There is a growing need for a process that can clean up plastic derived oil. If we can do this, we can turn plastic waste into valuable products—like gasoline, diesel, or even the raw materials for making new plastics. This can help reduce pollution, cut down on carbon emissions, and create a more “circular” economy where waste becomes a resource.

The new process described in this patent application is designed to solve these problems. It helps remove the bad chemicals from plastic derived oil. It also turns the oil into even more valuable products, like light olefins and naphtha, which are used to make plastics and fuels. Let’s look at the science behind this process, and how it stands out from what has been done before.

Scientific Rationale and Prior Art

To understand why this invention is important, we need to look at how plastic is usually recycled and what happens when it is turned into oil.

When plastic is heated in a process called pyrolysis, it breaks down into smaller pieces. These pieces can be gases, liquids (oil), or solids (char). The oil is the main product people want. It contains hydrocarbons—molecules made of hydrogen and carbon—that can be used as fuel or chemical feedstocks.

However, most plastics contain additives. Some plastics, like PVC, have chlorine in their structure. During pyrolysis, these additives and halogens end up in the oil. The oil can also have a wide range of boiling points, from very light to very heavy parts. This makes it hard to process in existing refineries.

Refineries use catalysts to turn crude oil into fuels and chemicals. But the halogens in plastic derived oil can poison these catalysts. For example, chlorine can turn into hydrochloric acid (HCl), which corrodes metal pipes and damages equipment. It can also cause the formation of salts that block pipes and heat exchangers. If halogens get into the final fuel, they can harm engines and increase pollution.

People have tried various ways to clean plastic derived oil. Some use water washing to remove salts and polar impurities. Others use adsorbents—materials that “soak up” bad chemicals. There are also processes that use special catalysts to remove halogens before the oil is used further. However, these methods often are not complete, or they are too expensive or complicated for large-scale use.

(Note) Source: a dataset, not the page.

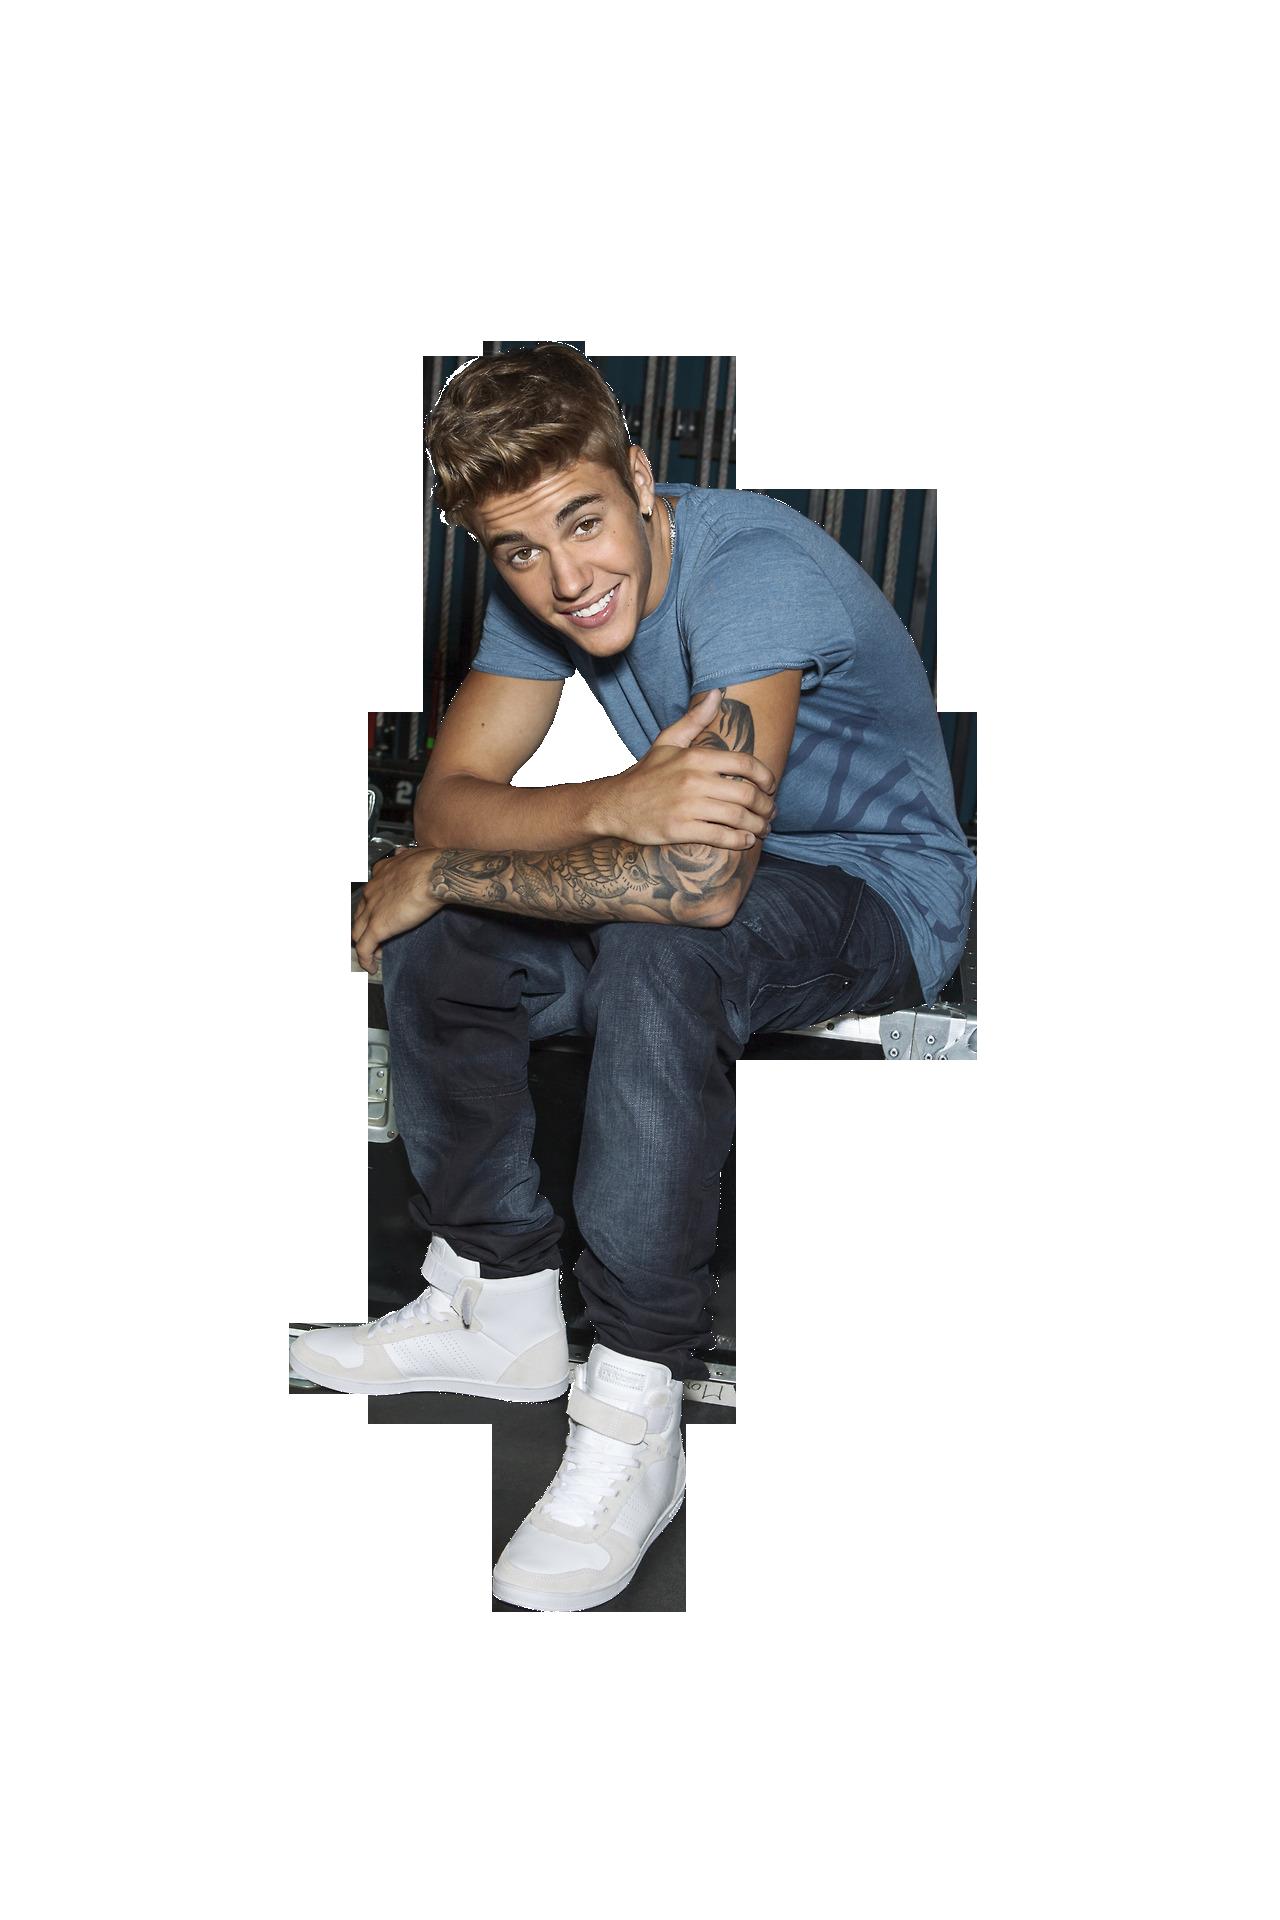 Justin Bieber Sitting Png Image Justin Bieber Person Sitting Justin

There is also a need to turn the cleaned oil into more valuable products. Catalytic cracking is a common way to break large hydrocarbon molecules into smaller, more useful ones, like gasoline or light olefins (ethylene, propylene, butenes). But again, if the oil is not clean, the catalysts used in cracking will not last long.

Some earlier inventions tried to combine dehalogenation (removing halogens) with upgrading the oil. They often used separate steps, different reactors, or even required that the plastic waste be sorted very carefully before processing. Many of these methods are not flexible enough to handle mixed plastic waste or do not fully solve the contamination problem.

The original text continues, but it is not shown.